Дена отправилась с Джулианом Амзли на мюзикл «Мейм», бенефис в пользу Актерского фонда, на который, похоже, пожаловал весь Нью‑Йорк. Вечер был роскошный. Пока она шла по проходу к своему месту, народ перешептывался: «Это Дена Нордстром». Приятно, что ни говори. Одета она была с элегантной простотой и даже без дорогих украшений выделялась из толпы женщин, выгодно вышедших замуж. Дена получала удовольствие от шоу, но в середине первого акта вдруг почувствовала, что не может вдохнуть, и ее пробил холодный пот. Сердце заколотилось, в ушах зазвенело, все как‑то исказилось, размылось. Зал вдруг начал вращаться, и она испугалась, что сейчас или умрет, или потеряет сознание.

Дена кое‑как пробралась к проходу. Джулиан привстал, но она убежала, прежде чем он успел спросить, что случилось.

В туалете вцепилась в раковину, но голова продолжала кружиться. Служительница встревожилась, увидев ее лицо белее платья.

– С вами все в порядке, мисс?

Дена не ответила, включила холодную воду и умылась. Женщина усадила ее и сказала:

– Сядьте и дышите как можно глубже.

Дену до сих пор трясло, но стало вроде чуть получше, а служительница продолжала с ней разговаривать, прикладывая холодные компрессы к запястьям.

– Наверное, слишком душно. Постарайтесь успокоиться, и все будет в порядке.

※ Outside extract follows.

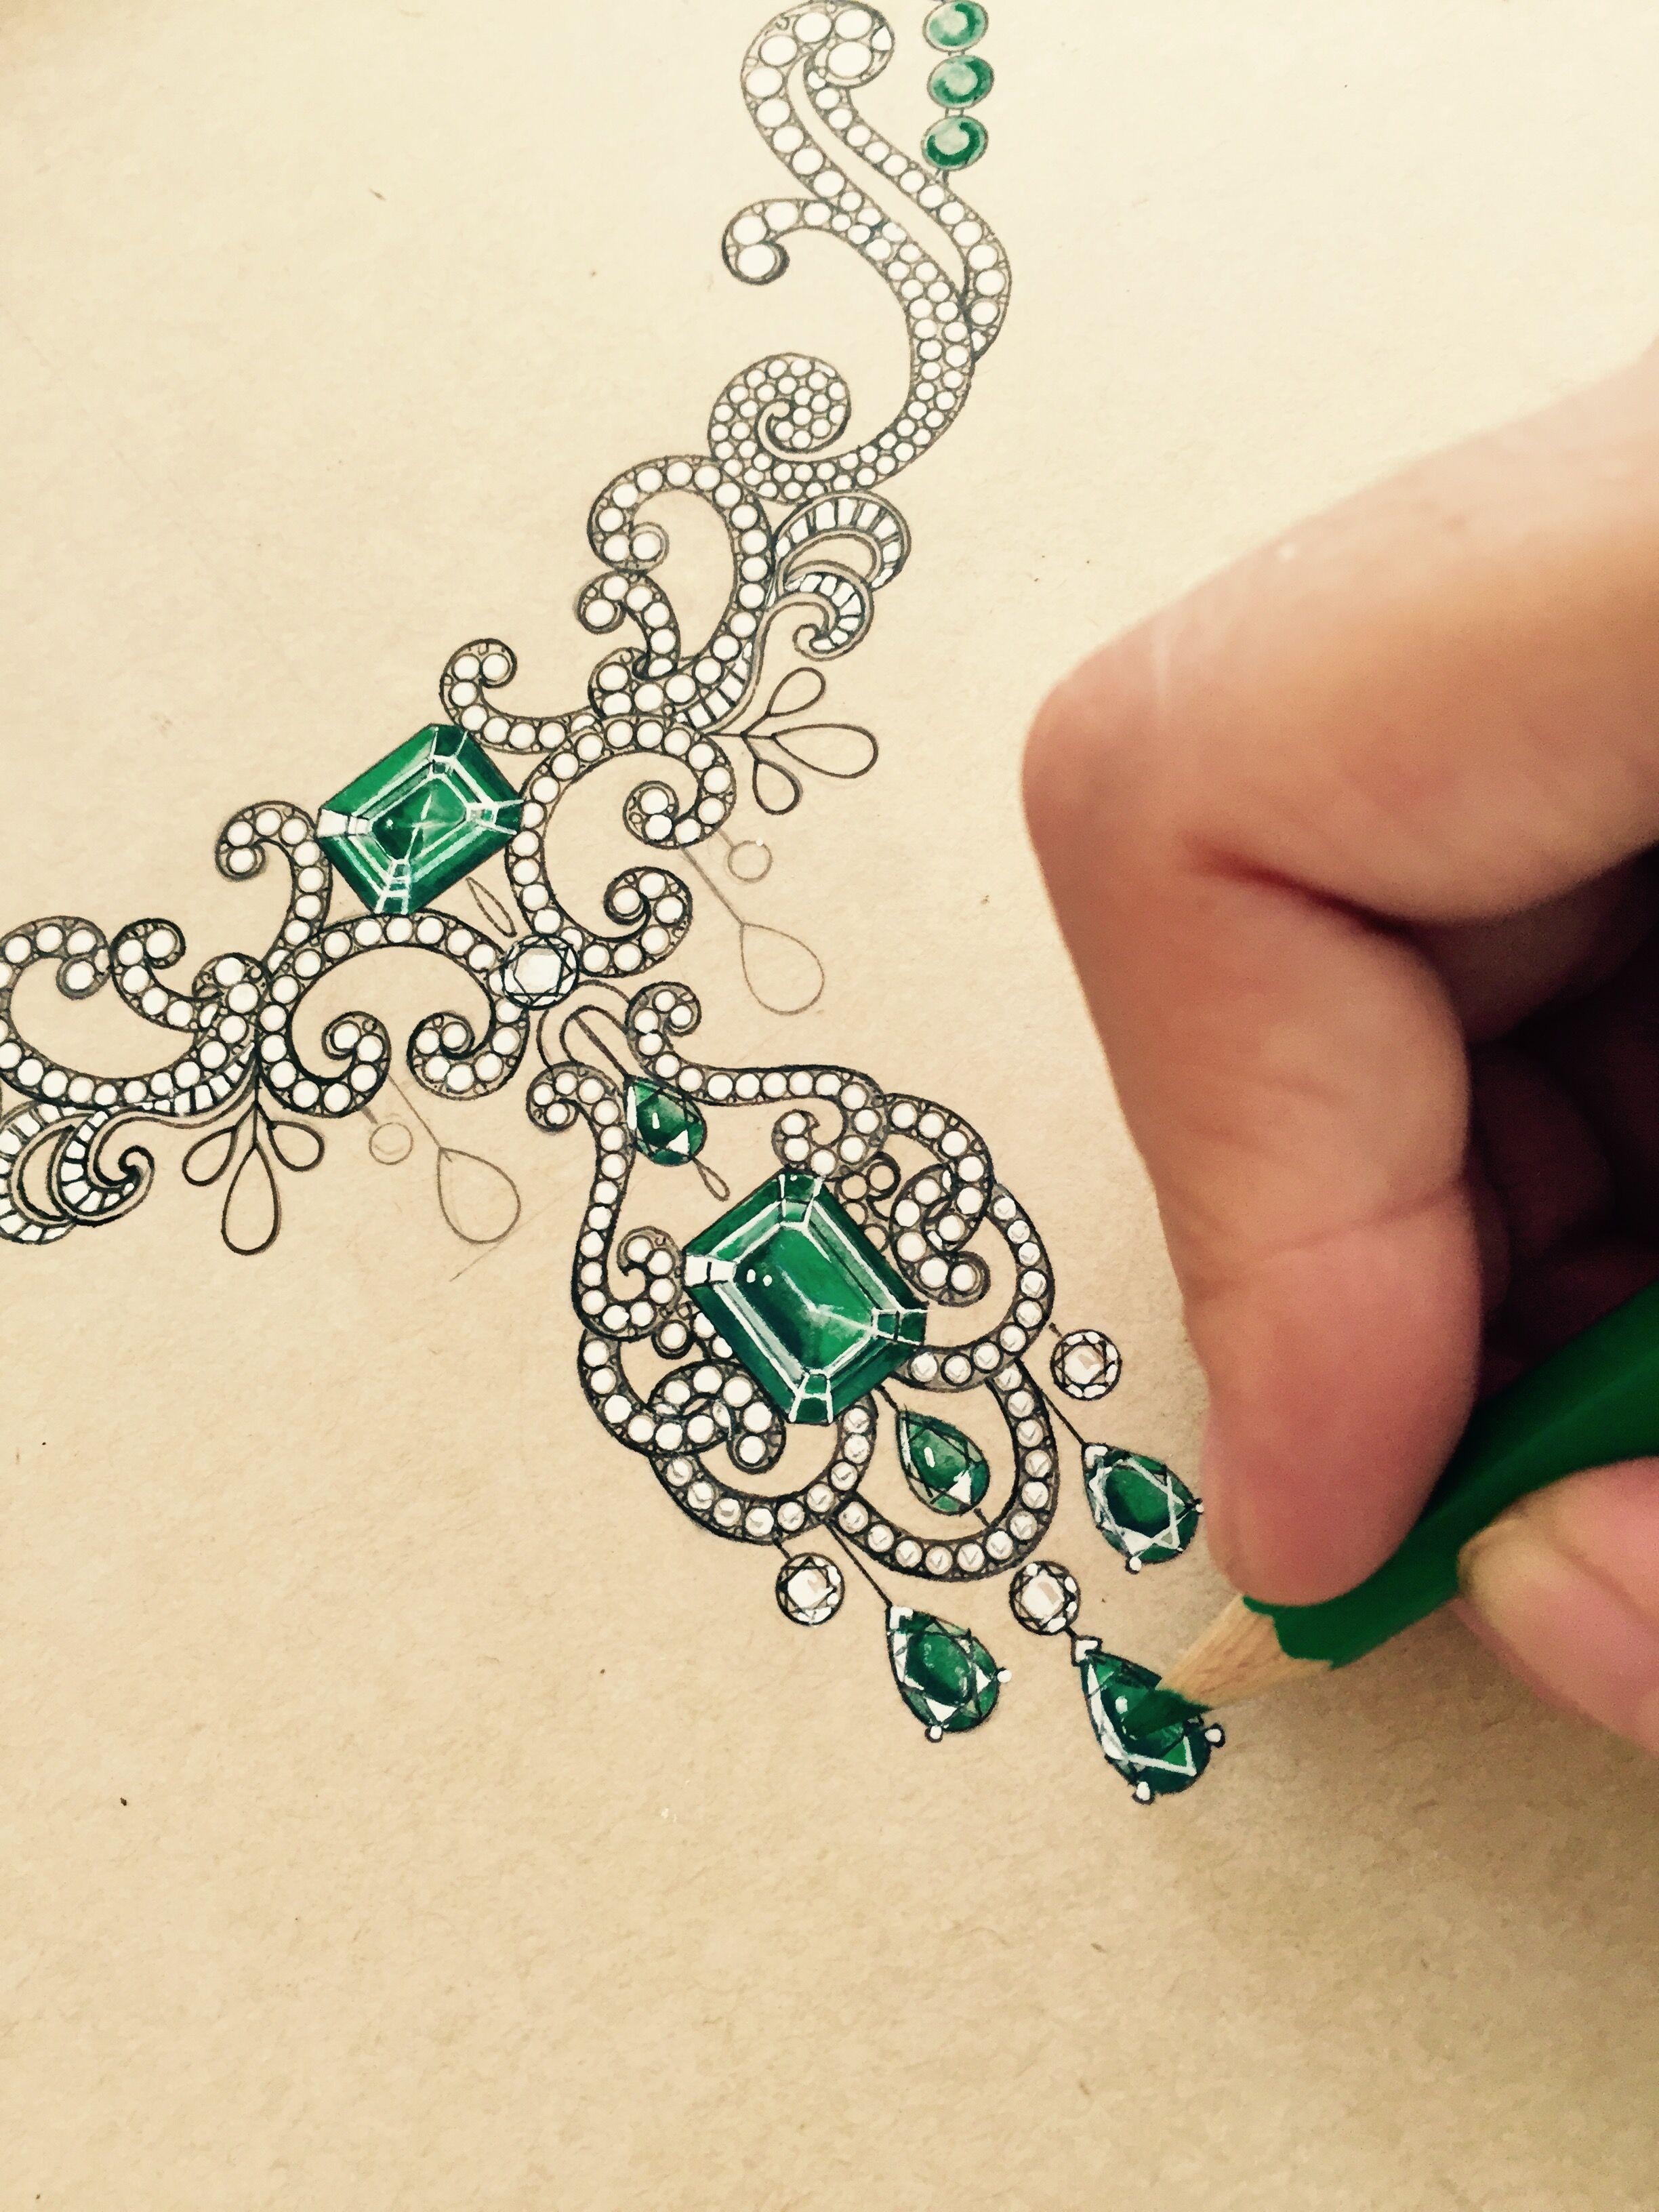 珠宝设计手绘-珠宝设计绘图入门-珠宝设计图手稿铅笔画-大师珠宝设计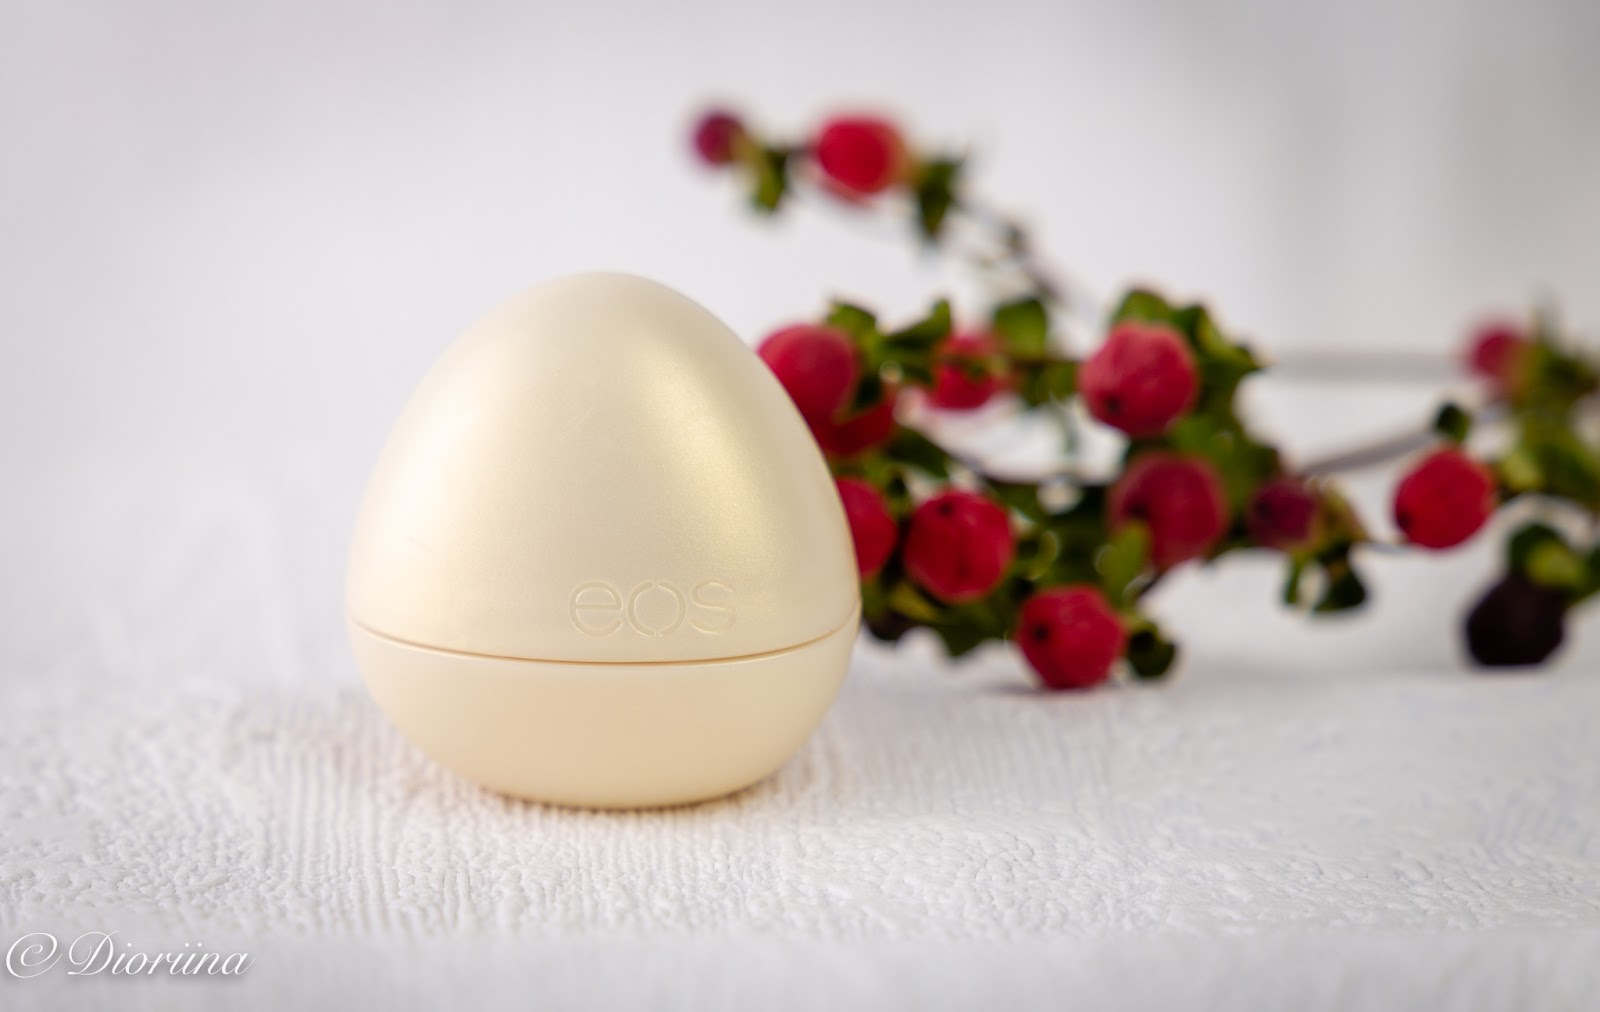 munanmuotoinen rasia

С Денной никогда такого не случалось.

– Я не понимаю, что произошло. Такое чувство, что сейчас потеряю сознание.

– Может, съели чего‑то неподходящее, а может, простыли. А может, беременны, дамы часто чувствуют дурноту, когда беременны.

Пожилая билетерша, видевшая, как Дена забежала в туалет, постучала в дверь.

– Да? Кто там? – сказала служительница.

– Это Ферн. С ней все в порядке?

– Да.

– Может, что‑нибудь нужно?

– Мне нужно выпить, – сказала Дена. – Попросите принести мне выпить.

Служительница крикнула:

– Ферн, пойди в бар, скажи Майку, пусть нальет бренди.

– Двойной, – крикнула Дена.

Мысль о том, что она может быть беременна, вернула ее оттуда, где она была, к реальности. Джулиан сводил ее с ума, и в прошлом месяце она напилась вдрызг на вечеринке в его доме и вполне могла очутиться с ним в постели, хотя ничего не помнила и наутро не спросила. Она не хотела об этом знать.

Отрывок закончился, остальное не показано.